401(k) vs Roth IRA: Stock Investing Tax Wrappers Compared
Compare 401(k) and Roth IRA accounts for stock investing — tax treatment, contribution limits, employer match, withdrawal rules and which to fund first.
401(k) Basics
A 401(k) is an employer-sponsored retirement plan. Contributions are deducted from your salary, often with an employer matching contribution. There are two flavours:
- Traditional 401(k): contributions are pre-tax. They reduce your taxable income now, grow tax-deferred, and are taxed as ordinary income when withdrawn in retirement.
- Roth 401(k): contributions are post-tax. No deduction now, but qualified withdrawals in retirement (after age 59½ and 5 years) are entirely tax-free.
For 2025, the employee contribution limit is $23,500 (the IRS lifted it from $23,000 in 2024). Workers aged 50+ can contribute an additional $7,500 catch-up; ages 60–63 can contribute $11,250 under SECURE 2.0.
Roth IRA Basics
A Roth IRA (Individual Retirement Account) is a post-tax retirement account you open yourself, not through an employer. You contribute money on which you have already paid tax, and qualified withdrawals — including all the growth — are 100% tax-free.
For 2025, the contribution limit is $7,000 ($8,000 with the age-50+ catch-up). Contributions are subject to income limits — the phase-out for single filers starts at $150,000 and ends at $165,000 of modified adjusted gross income; for married filing jointly, $236,000 to $246,000.
Side-by-Side Comparison
| Feature | Traditional 401(k) | Roth IRA |
|---|---|---|
| 2025 contribution limit | $23,500 (+$7,500 50+) | $7,000 (+$1,000 50+) |
| Tax treatment of contributions | Pre-tax (deduction now) | Post-tax (no deduction) |
| Tax treatment of withdrawals | Taxed as ordinary income | Tax-free if qualified |
| Employer match | Common (3–6% of salary) | None |
| Income limits to contribute | None | Phases out from $150k single / $236k MFJ |
| Investment choices | Limited menu set by plan | Almost any stock, ETF, or fund |
| Required Minimum Distributions | From age 73 | None during owner's lifetime |
| Early-withdrawal penalty | 10% before 59½ (with exceptions) | Contributions anytime; growth 10% before 59½ |
Tax: Now vs Later
The deepest difference is timing of taxation:
- Traditional 401(k) defers tax. Better if you expect a lower marginal tax rate in retirement than now.
- Roth IRA pays tax now. Better if you expect an equal or higher tax rate in retirement, or if you simply value the certainty of tax-free withdrawals.

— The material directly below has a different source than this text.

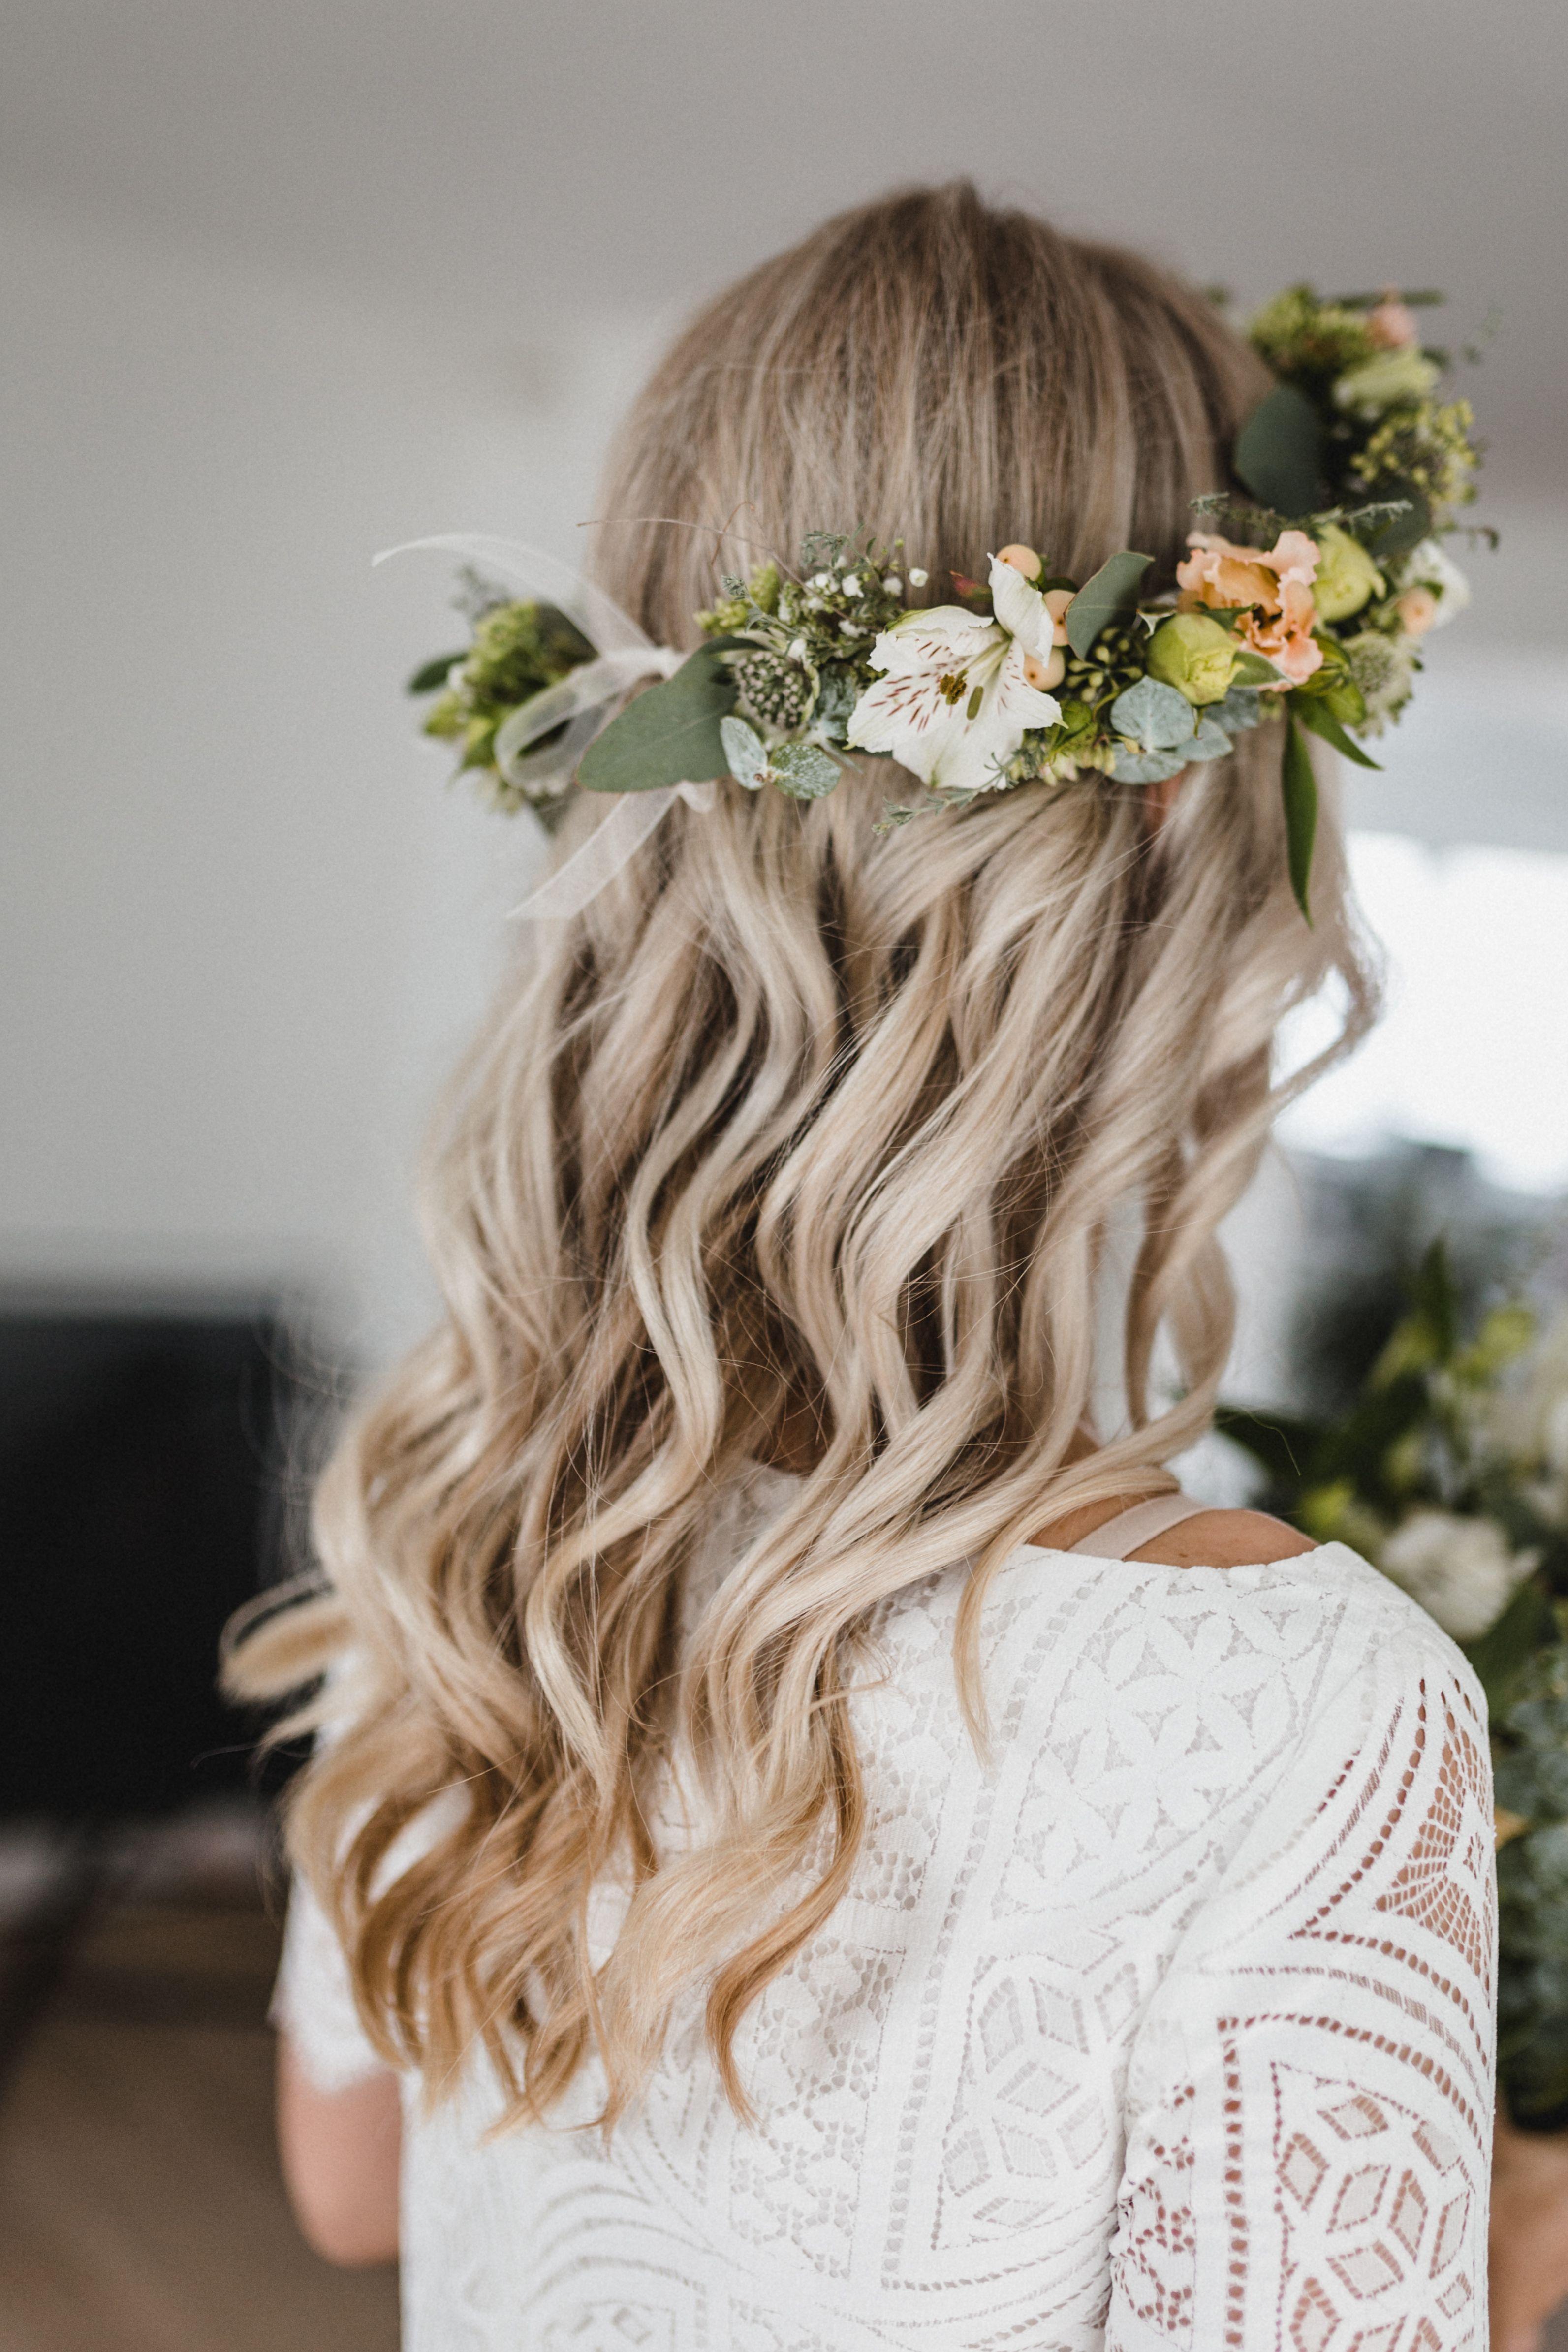 Wedding Hairstyle  Haarschmuck braut, Frisur hochzeit, Brautfrisur

For high earners in their peak years, traditional usually wins. For younger workers in early-career tax brackets, Roth usually wins. Many people benefit from holding both — a practice known as "tax diversification" — so they have control over taxable income in retirement.
Employer Match — Free Money
Almost every retirement-planning rule starts with the same line: contribute enough to your 401(k) to capture the full employer match. A typical match is 50% of contributions up to 6% of salary — which, on a $80,000 salary, is up to $2,400 a year of free compensation. The match is an instant 50%–100% return on contributions, before any market growth, and there is no equivalent in any other account type.
Note: many employer matches still vest over 3–6 years. Check your plan documents.
Investment Choices
Inside a 401(k) you are stuck with whatever fund menu your employer has chosen. The average plan has 15–25 options, often dominated by target-date funds and a few index funds. Costs vary widely — some plans offer 0.05% Vanguard funds, others charge 1.0%+ for similar exposure. Always look at the expense ratio of every option before choosing.
A Roth IRA you open yourself at Fidelity, Schwab, Vanguard or any major broker has access to virtually any US-listed stock, ETF, or mutual fund. For most people, that means the Roth IRA can hold the cheapest possible global index ETF.
Income Limits for the Roth IRA
2025 Roth IRA contribution phase-outs:
| Filing Status | Full Contribution | Phase-out Range | No Contribution |
|---|---|---|---|
| Single / HoH | Below $150,000 | $150,000–$165,000 | Above $165,000 |
| Married filing jointly | Below $236,000 | $236,000–$246,000 | Above $246,000 |
Which to Fund First
The widely-used "funding waterfall" for most US workers:
- 1. 401(k) up to the full employer match. Free money first.
- 2. HSA if you are eligible — uniquely triple tax-advantaged.
- 3. Roth IRA up to the limit. Wide investment choice, tax-free growth, no RMDs.
- 4. 401(k) up to the federal limit. Big-tax-bracket wealth-builder.
- 5. Mega Backdoor Roth or taxable brokerage if you have more to save.
Adjust if your employer match is unusually generous (you might want to keep going to the federal limit before the Roth IRA), or if you do not have access to a 401(k) at all.
Backdoor Roth IRA (Briefly)
Earners above the Roth IRA income limit can still contribute via the "backdoor": make a non-deductible contribution to a traditional IRA, then convert it to a Roth IRA shortly after. The conversion itself is tax-free as long as you have no other pre-tax IRA balances (the IRS pro-rata rule). Mega-backdoor refers to a similar process inside some 401(k) plans, allowing post-tax contributions up to ~$70,000/year in 2025 — only available if your plan supports it.
Worked Example: $500/Month for 30 Years
Investing $500/month for 30 years at 7% real return:
| Account | Account Value | Tax Treatment | Spendable in Retirement |
|---|---|---|---|
| Roth IRA | $612,000 | Tax-free withdrawal | $612,000 |
| Traditional 401(k) at 22% retirement bracket | $612,000 | Taxed as income | ~$477,000 |
| Traditional 401(k) at 12% retirement bracket | $612,000 | Taxed as income | ~$539,000 |
| Taxable brokerage (long-term gains @ 15%) | $612,000 gross — but lower after annual taxes drag | Capital gains tax + dividend tax along the way | ~$430,000–$480,000 |
The traditional 401(k) treatment depends entirely on the relative tax rates at contribution and withdrawal — but in any reasonable scenario the tax-advantaged accounts thrash an unwrapped taxable brokerage.